Logo for Kent Scientific

Researchers Look for Causes and Treatments for Long COVID

Posted on

As the world begins to emerge from the pandemic and new coronavirus infections are on the decline, many people are still suffering the effects of long-haul COVID, a debilitating set of symptoms that has plagued patients and flummoxed the medical community.

Research on Long COVIDSymptoms of long COVID, which affects up to 30% of COVID survivors, include breathing problems, extreme fatigue, joint pain, cognitive issues, and heart palpitations, though scientists put all long COVID symptoms into three basic categories: exercise intolerance (in which any kind of exertion, even minor, causes extreme fatigue), dysautonomia (a dysfunction of the nerves that control involuntary function, which can cause dizziness and a racing heart) and the general cognitive problems described as “brain fog,” which can include mood changes, memory problems, and even suicidal thoughts. 

While the exact cause of long COVID is undetermined, researchers do have theories, and some of those theories explain why the cause of long COVID has been so difficult to pin down.

Potential Causes of Long COVID

Some researchers posit that long COVID is not a single condition, but rather a collection of different causes and reactions. It could have an autoimmune component that causes the body to attack itself, as with rheumatoid arthritis, lupus, fibromyalgia, and multiple sclerosis.

Another possibility is that vestiges of RNA and protein from the virus remain in the body even after recovery from the acute infection, causing the immune system to continue reacting, as is also thought to occur with chronic fatigue syndrome/myalgic encephalomyelitis.

Another clue comes from the fact that many people with long COVID report an improvement in symptoms after vaccination, either temporarily or permanently, which could indicate that some form of the full virus is still lurking in the body even after acute infection has passed.

There could even be a genetic cause, as one study showed that people with mutations affecting type I interferons are more likely to become severely ill when infected with COVID-19. Genetics also may be a factor in the small number of children (approximately 0.00009% according to the Centers for Disease Control and Prevention) who contract multisystem inflammatory syndrome after a COVID infection.

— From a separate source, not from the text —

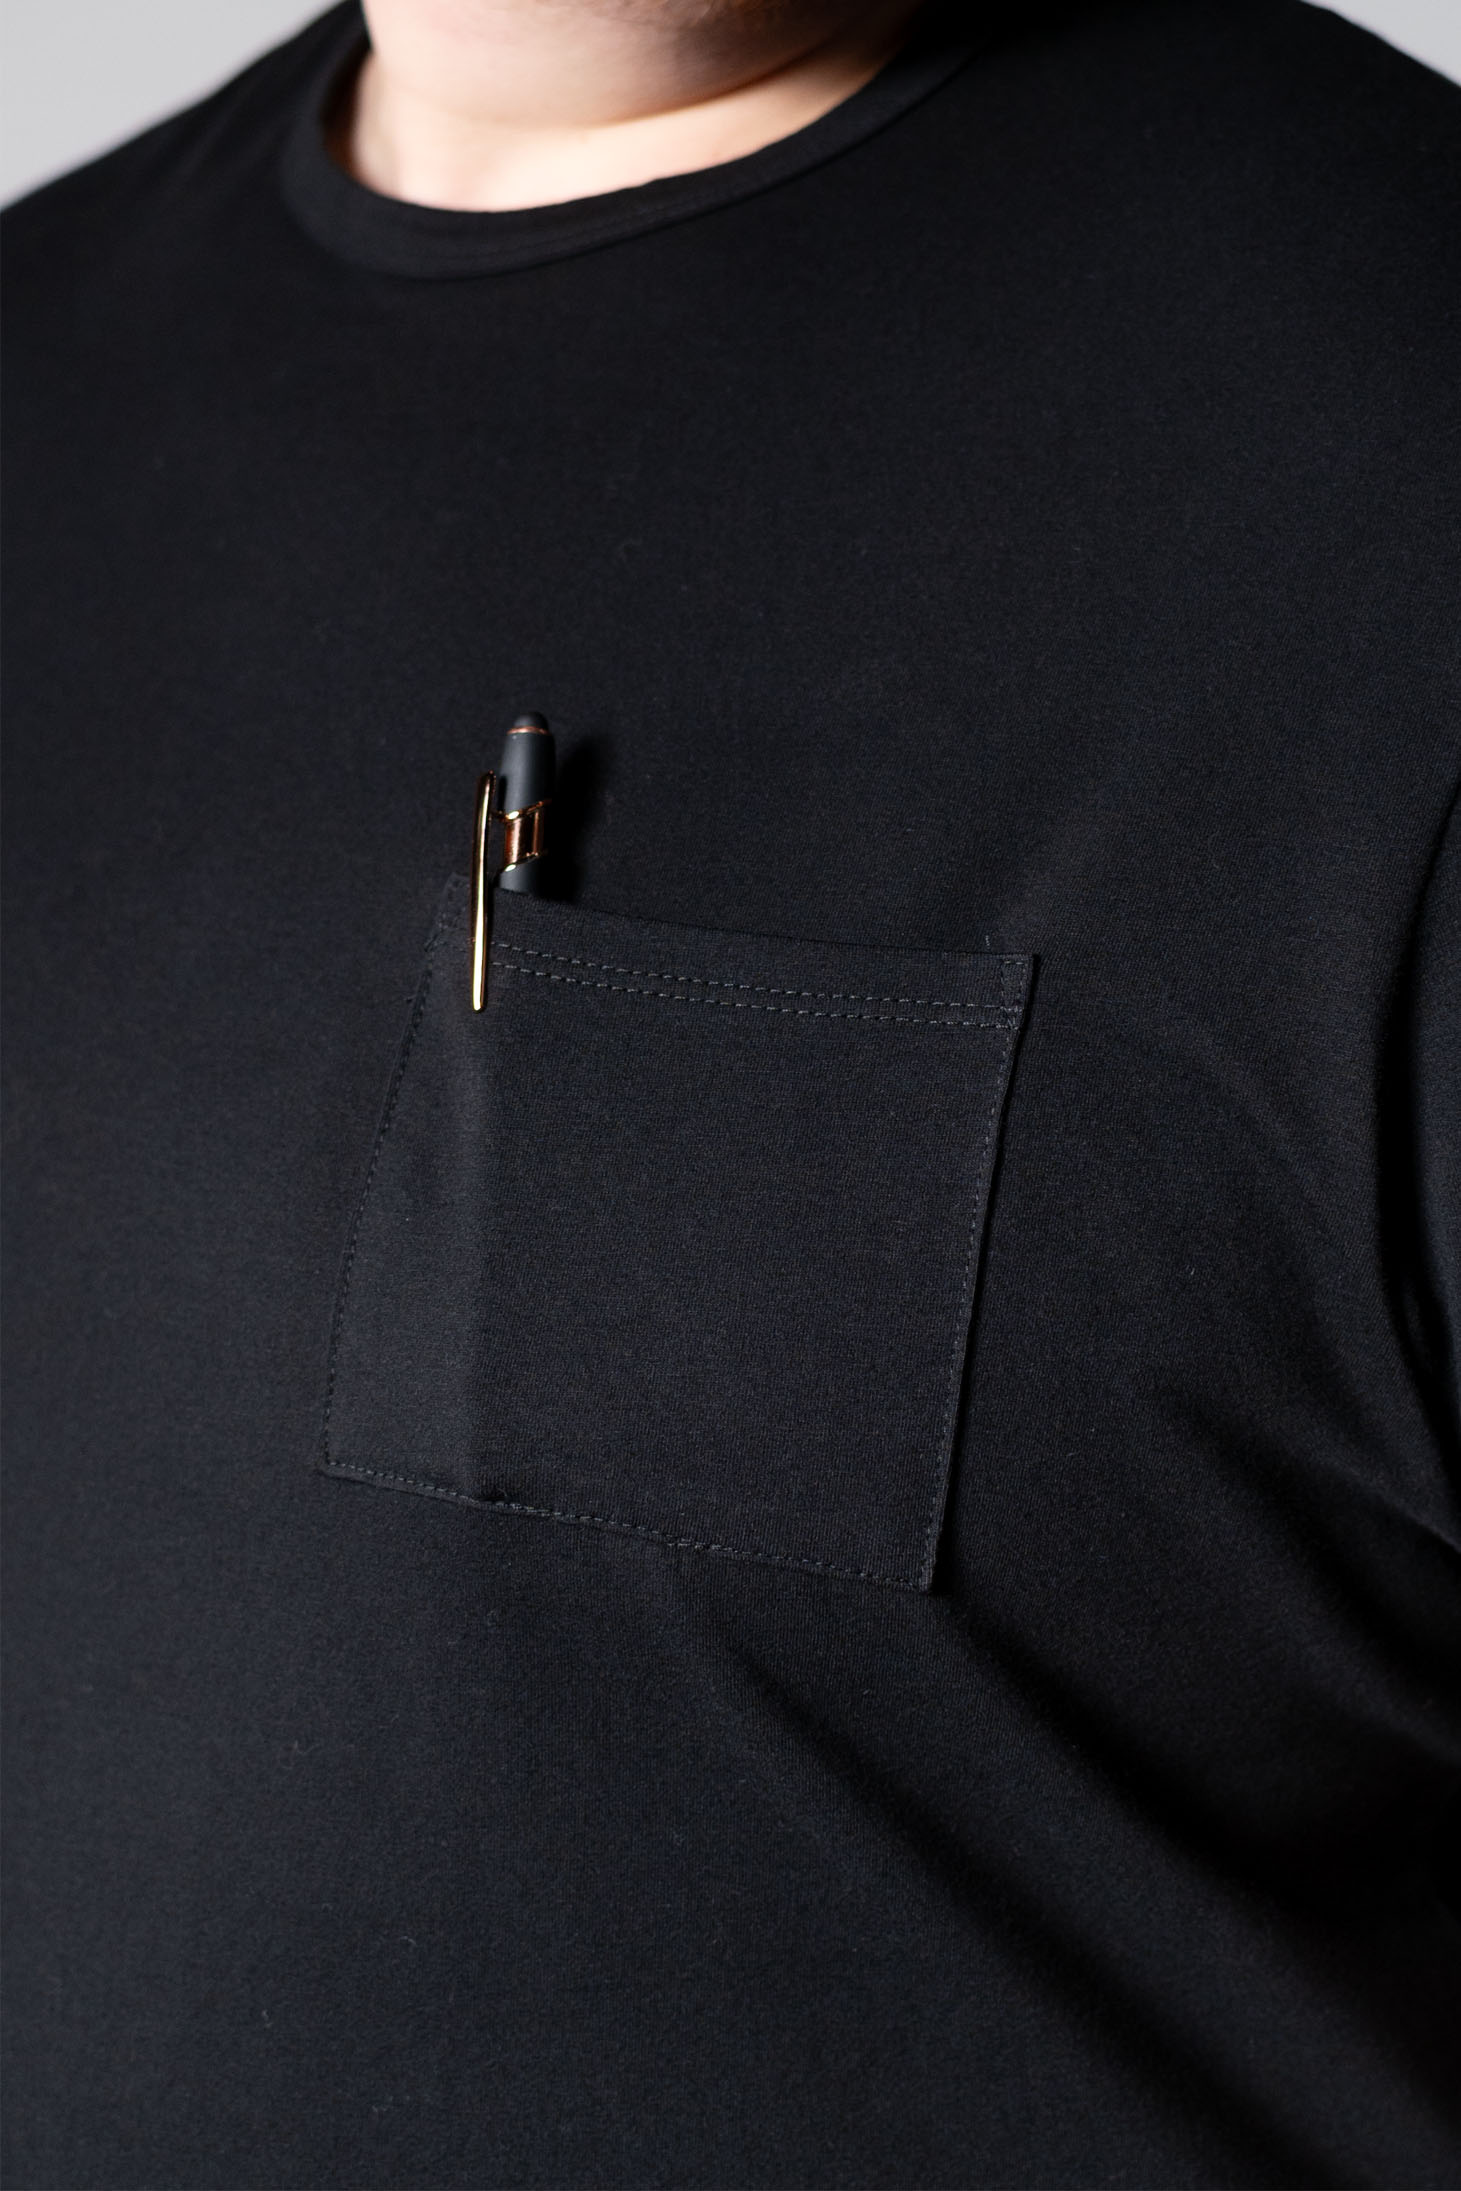 Pocket - Black

To help with the search, and in an acknowledgement of the seriousness (and realness) of the condition, the National Institutes of Health has dedicated $1.15 billion in funding to a research initiative on long COVID, which is officially called post-acute sequelae of SARS-CoV-2 infection (PASC). The NIH PASC Initiative will follow a group of long COVID patients to determine the underlying causes of PASC and identify possible treatments.

In another initiative, the Howard Hughes Medical Institute (HHMI) has granted $10 million to fund COVID-related research projects at Yale University, including one that focuses on finding causes and underlying conditions related to long COVID using new mouse models.

Researchers Use New Mouse Model to Study Long COVID

When the pandemic began, researchers used a mouse model that expresses human ACE2, a receptor that allows mice to become infected with the SARS-CoV-2 virus. That model was for severe COVID-19, however, and did not enable researchers to study milder infections.

Now, a slightly different mouse model, one that simulates a mild COVID-19 infection in the lungs but does not result in an acute infection, is enabling researchers to learn more about the possible causes of long COVID.

Using long COVID mouse models, a research team at Stanford University determined that even a mild COVID-19 infection can cause long-term cognitive issues and neurological damage. Once infected intranasally with COVID-19, the “mild COVID” mice showed no signs of sickness, and researchers confirmed that the virus was limited to the lungs and had not entered the brain.

Nevertheless, weeks after infection the mice showed high levels of cytokines in their cerebrospinal fluid and increased microglial activity in the subcortical white matter of the hippocampus, an essential region for learning and memory. Researchers also found a decrease in new neurons in the hippocampus after infection. New neurons help with brain repair and are important factors in learning, memory, and mood.

Another study at the Medical College of Georgia at Augusta University is using long COVID mouse models to get to the bottom of the temporary or lasting changes in taste or smell reported by about 80% of COVID patients.

COVID is known to attack organs including the lungs, heart, kidney, liver, and brain, which have the ACE2 receptors the COVID virus needs to gain access to cells, but whether ACE2 receptors are also found on the taste buds was less clear.

According to the Augusta University researchers, both ACE2 and TMPRSS2 molecules exist in significant levels in the taste buds of mice, which explains why the virus frequently affects taste. The team is doing further research to determine how exactly the virus changes the taste function, as well as what type of taste is affected and whether those changes can be reversed.

Research on long COVID continues, with the hope that these humanized “long COVID” mice will hold the key to understanding chronic COVID symptoms and lead to a solution that brings the millions affected by long-haul COVID some relief.